R.I.P Lucky: a view of Pet’s Rest Cemetery (Photo by Charles Russo)

Interspersed between all of these locations is a variety of different florist shops, boasting colorful displays out front and advertising their daily sales.

Collectively then, Colma is a place that lives to serve the deceased.

“There’s about 1600 people above ground,” Historical Society secretary Richard Rocchetta explains, “and about one-and-a-half million below ground in the town of Colma… give or take.”

That’s a ratio of about 10,000 dead souls to every living one, which is quite a disparity, though ultimately how it was intended.

A headline from the Richmond Banner newspaper announcing San Francisco’s decision to remove their graveyards outside city limits. (Courtesy of the Colma Historical Society)

When the dead were priced out of San Francisco

At the start of the 20th Century, San Francisco began to pass ordinances against any future burials within the city limits. Realizing that land was both limited and extremely valuable, city officials began to think of ways to relocate the graveyards.
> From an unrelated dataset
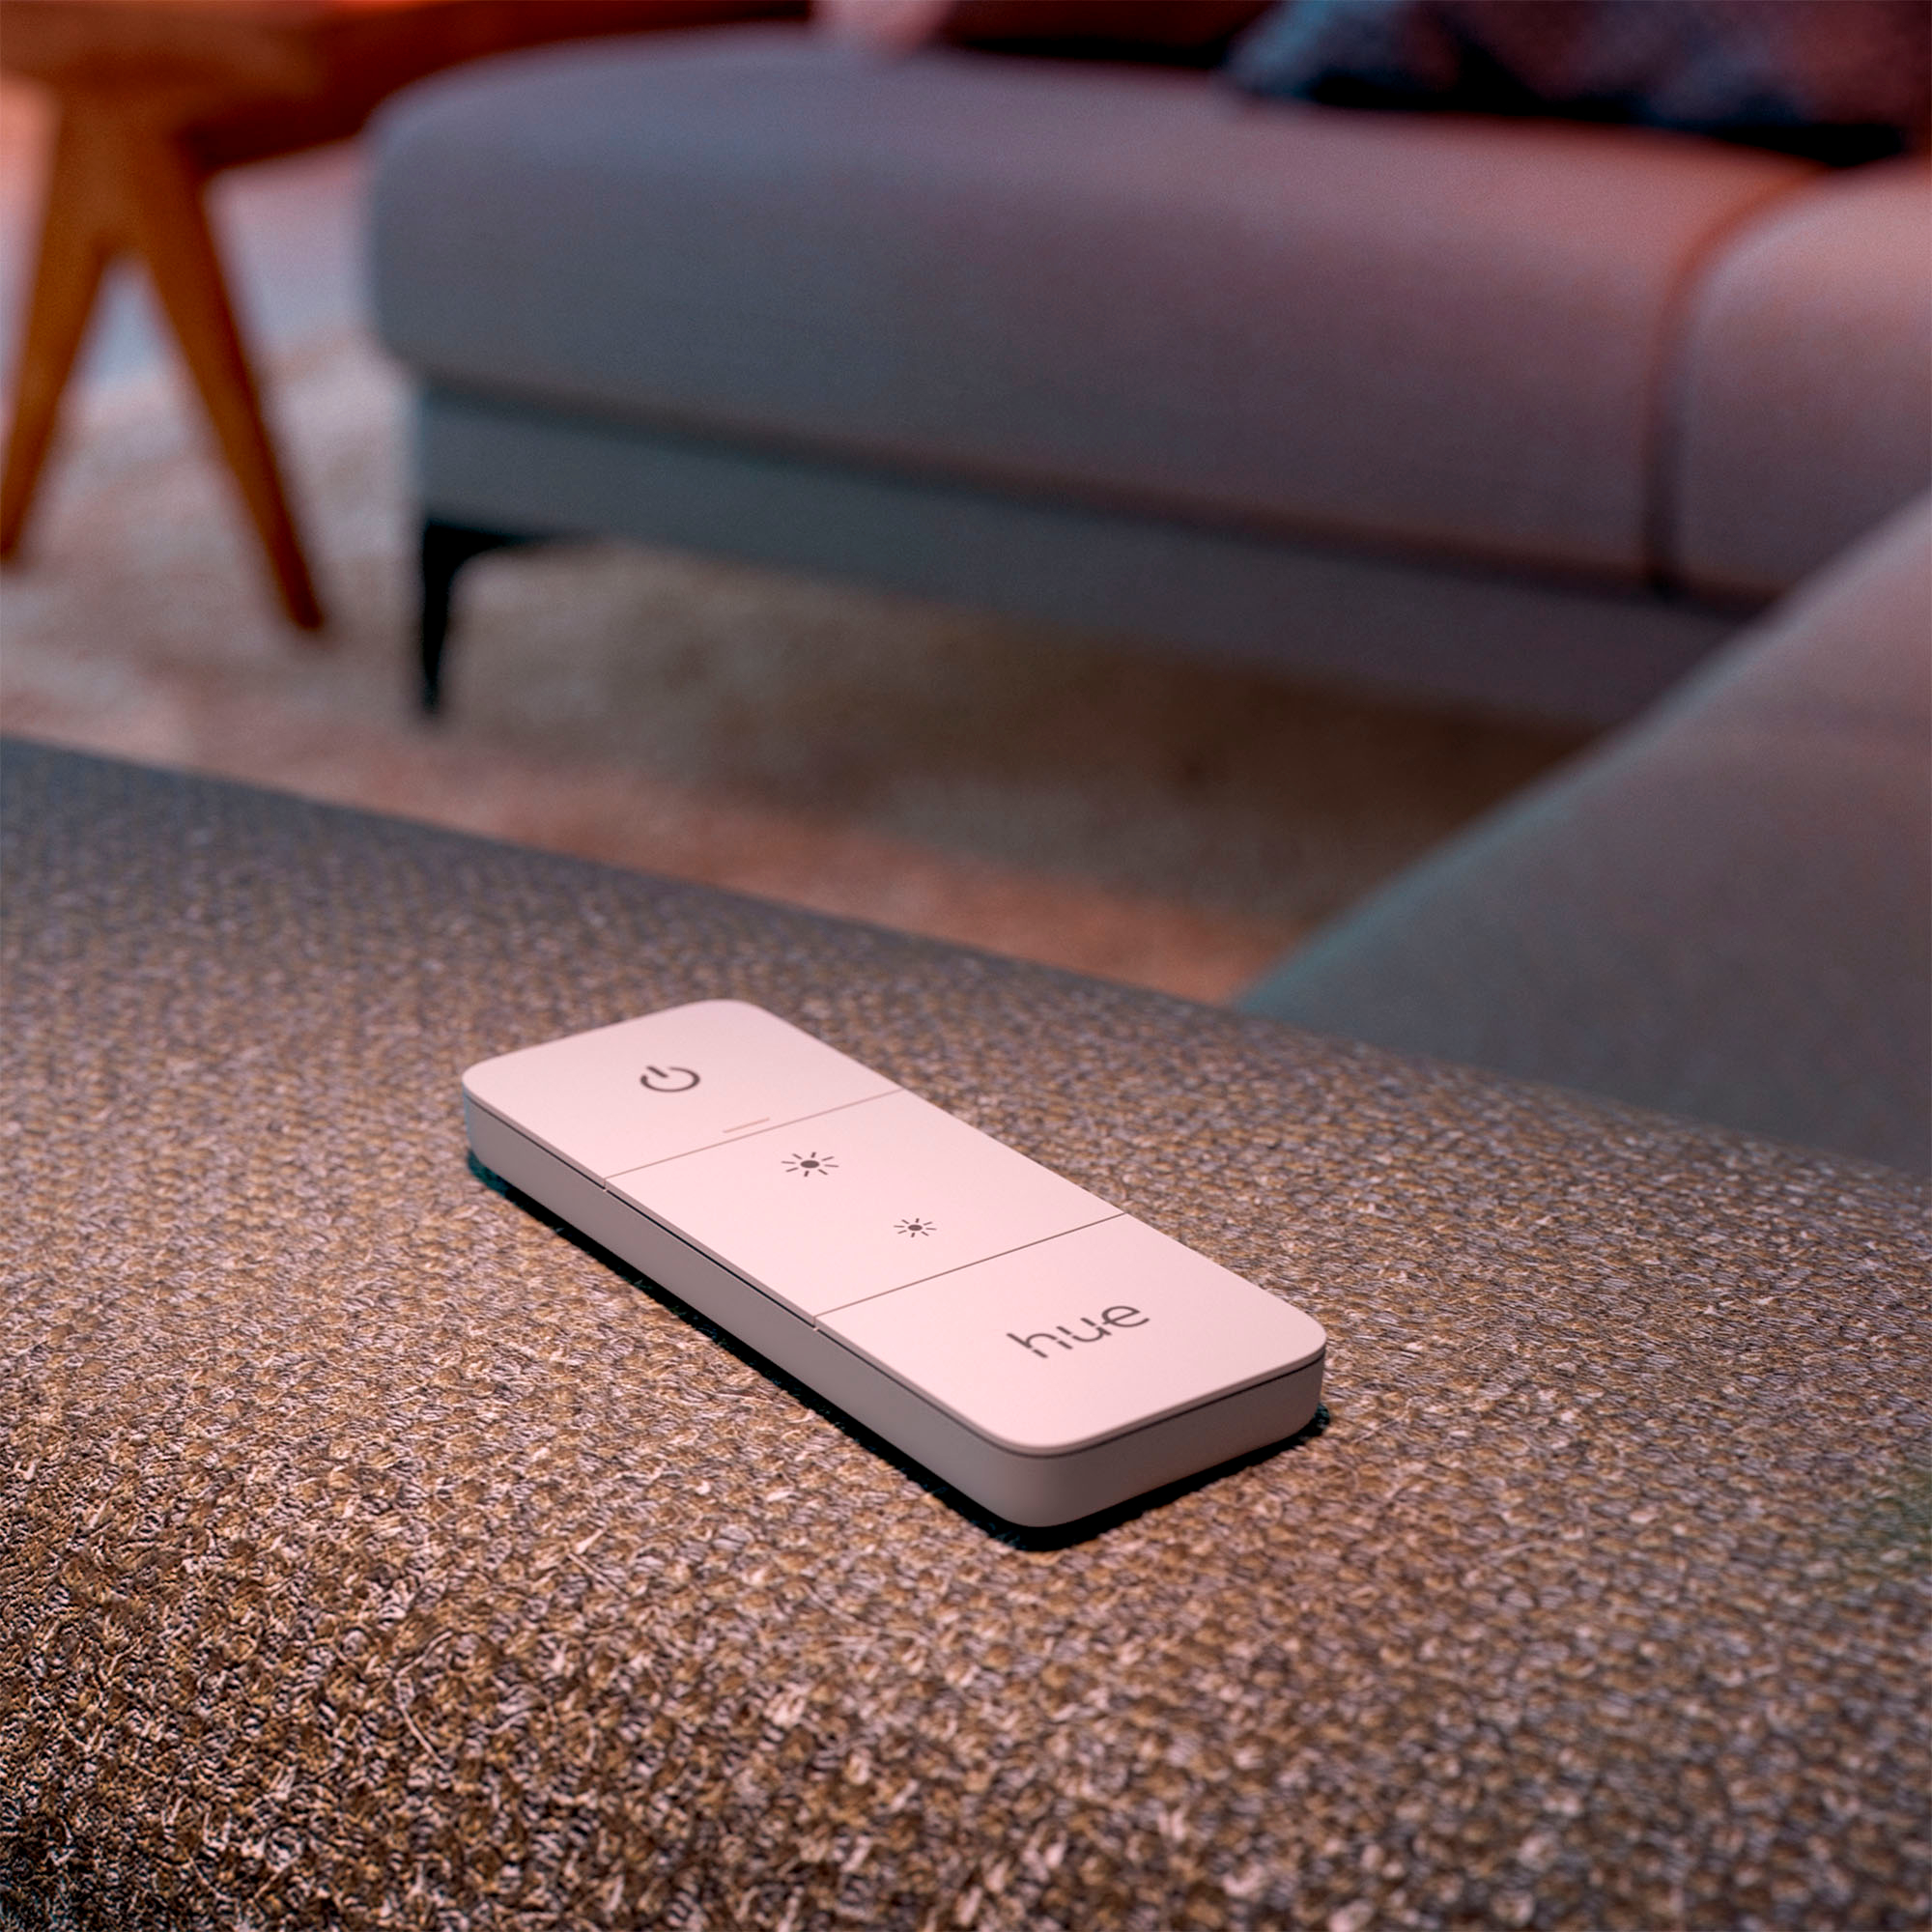 Installation-Free, Exclusive for Ph Philips Hue Smart Wireless Dimmer Switch V2

In 1912, Mayor James Rolph declared the existing cemeteries within the city to be public health hazards and prone to vandalism. He employed this line of reasoning to formally call for their removal from the city, and the issue soon grew contentious as others saw a thinly-veiled land grab in the works. The matter soon became a huge issue of citywide debate as civic officials and graveyard owners went to war over the dead for years.

The view east from Joshua Norton’s grave site in Colma. (Photo by Charles Russo)

Eventually the city officials won, and Colma was incorporated in 1924,with 13 new graveyards to establish it as a cemetery town. The relocation of San Francisco’s dead to Colma, was a long (and inexact) process which took until 1941 to complete.

Today, there are only 2 cemeteries within the city of San Francisco (at Mission Dolores and in the Presidio). Colma, meanwhile, has 17 of them.

A mariachi band plays during Dia de los Muertos celebrations at Woodlawn Memorial Park. (Photo by Charles Russo)

Life in honor of death

After visiting the grave sites of some of Colma’s most famous residents, I make my way to Woodlawn Memorial Park, at the northern end of town, where I find a wonderfully surreal scene playing out in honor of the dead.

Woodlawn employee Ben Frias gets into the festival spirit. (Photo by Charles Russo)

The Chinese festival of Chung Yeung and the Mexico holiday of Dia de los Muertos are both being celebrated — in honor of their deceased ancestors — at the same time, in the same vicinity within the cemetery. At one point as a mariachi band is deep into their song, a lion dance team emerges banging drums and cymbals (as well as lighting firecrackers) with a small group of Buddhist monks following right behind. Soon, it is cacophony of songs and chants, drums and horns all for the same purpose.

I turn to a cemetery employee and ask if they do this every year. “Yes, but it’s just a coincidence that they fall on the same day this year,” he explains with a laugh. “It’s different cultures, but in the end, it has the same meaning, to come and honor the dead.”

Despite their distinctly different rituals and heritage, the two groups are soon mingling over horchata and dumplings. It’s a scene uniquely fitting of the necropolis, since death, after all, is universal.